A wonderful book, though tragically unfinished, which, to my mind, successfully marries the tradition of the semi-melodramatic tale and that of the political essay. I found it a real page-turner, in the old style, as well as a deeply moving record of an intelligent and passionate woman's thoughts.
The following was written (and forms part of a section of the novel detailing the internal debates and thoughts of the primary female character) sometime between 1890 and 1920. This is, at the very least, 10 years before A Room of One's Own:
"Lies are so easy to us because age after age the lying and subtle and insincere have conquered and crushed the individuals in whom sincerity and openness were budding. It is so difficult for us to consider others justly and impartially if they have terribly injured us, because age after age the individuals striking most mercilessly at whatever limited their pleasure, without consideration of justice or sympathy, have killed out and suppressed those in whom generosity and justice were beginning to dawn. Lust, divided from all love and inborn self-forgetfulness, is so dominant within thousands of us (making the world of sexual relations, which in our ideals are the highest, often the lowest, in life), because age after age the most brutally lustful has perpetuated himself, where the less lustful and brutal has failed to rape and force the woman or kill the opposing males. Because, age after age, the individual tendency to expend force in the direction of impersonal intellectual activity has again and again fallen victim to the individual more concentrated on personal aim, we to-day find the complex intellectual gift of the thinker and artistic creator so rare and so heavily conflicted with by the lower opponents. Because the stronger sex has so perpetually attempted to crush the physically smaller, the individuals who attempted to resist force by force being at once wiped out, sex has acquired almost as a secondary sexual characteristic a subtleness and power of finesse to which it now flies almost as instinctively as a crab to the water when it sees danger approaching, the struggles against which being the sternest that sex has to carry off within itself if it would attain moral emancipation. Because the larger male has so long and so mercilessly suppressed the weaker and exterminated those who refused to submit while the servile survived, we find perhaps that lowest of all human qualities, the material tendency to truckle before success and power, which in some humans seems instinctive and in them at least is ineradicable....

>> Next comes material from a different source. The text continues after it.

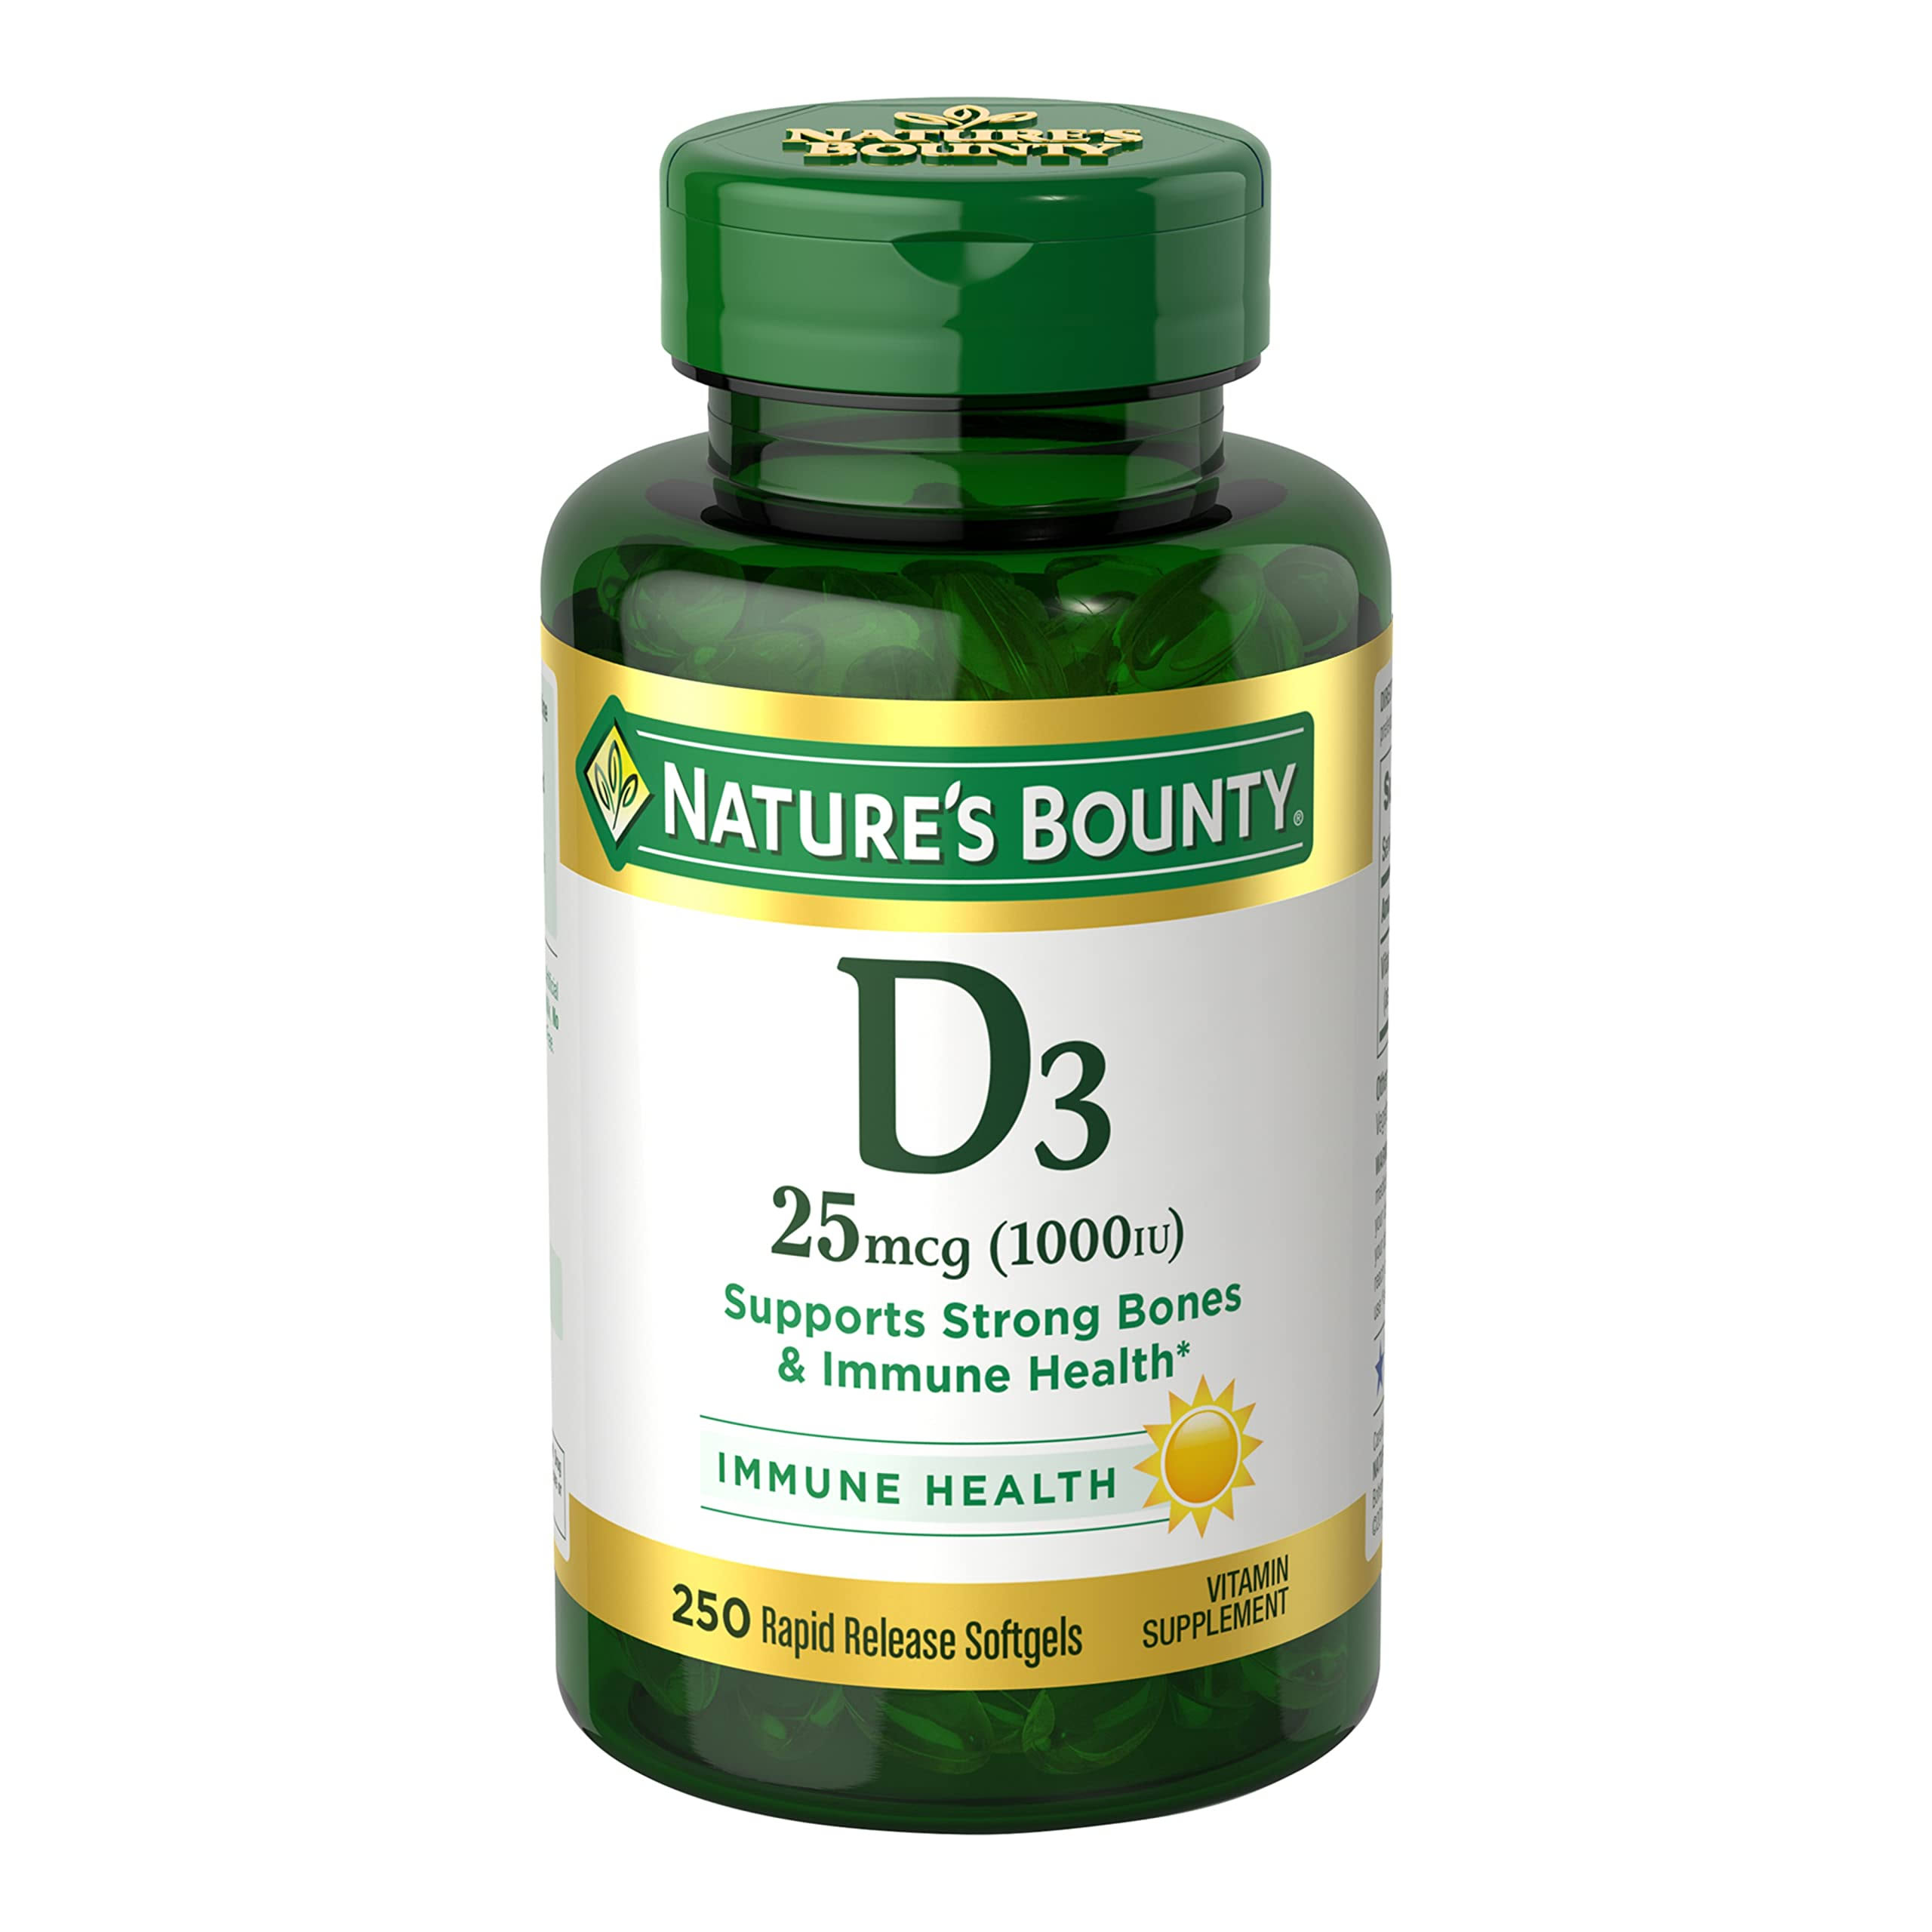 Nature's Bounty Vitamin D3 1000 IU - 250 Softgels

...For it is not alone through the physical destruction and annihilation of the weaker by the brutally stronger that we have suffered. What has humanity not lost by the suppression and subjection of the weaker sex by the muscularly stronger sex alone? We have a Shakespeare; but what of the possible Shakespeares we might have had, who passed their life from youth upward brewing currant wine and making pastries for fat country squires to eat, with no glimpse of the freedom of life and action, necessary even to poach on deer in the green forests, stifled out without one line written, simply because, being of the weaker sex, life gave no room for action and grasp on life? Here and there, where queens have been born as rulers, the vast powers for governance and the keen insight the sex possesses have been shown; but what of the millions of the race in all ages whose vast powers of intellect and insight and creation have been lost to us because they were physically the weaker sex, whose line of life was rigidly apportioned to them at the will of the stronger, which governed the structure of their societies? What statesmen, what rulers and leaders, what creative intelligences have been lost to humanity, because there has been no free trade in the powers and gifts of the muscularly smaller and weaker sex?...
...You say that, with your guns shooting so many shots a minute, you can destroy any race of men armed only with spears; but how does that prove your superiority, except as the superiority of the crocodile is proved when it eats a human baby, because it has long teeth and baby has none? You say the fact that you can command the labor of so many of your fellow men and gratify your desires proves that you are higher than they; it proves that your belly is large and your power of filling it great; but what, in these matters, are even you compared to the old saurians with their vast claws and paws and rough tongues, who could have licked you off the face of the earth in a moment? The theory that humanity can be perfected on earth only by the stronger jawed, longer clawed, biggest bellied preying on the smaller is a devil's doctrine bred in the head of a fool."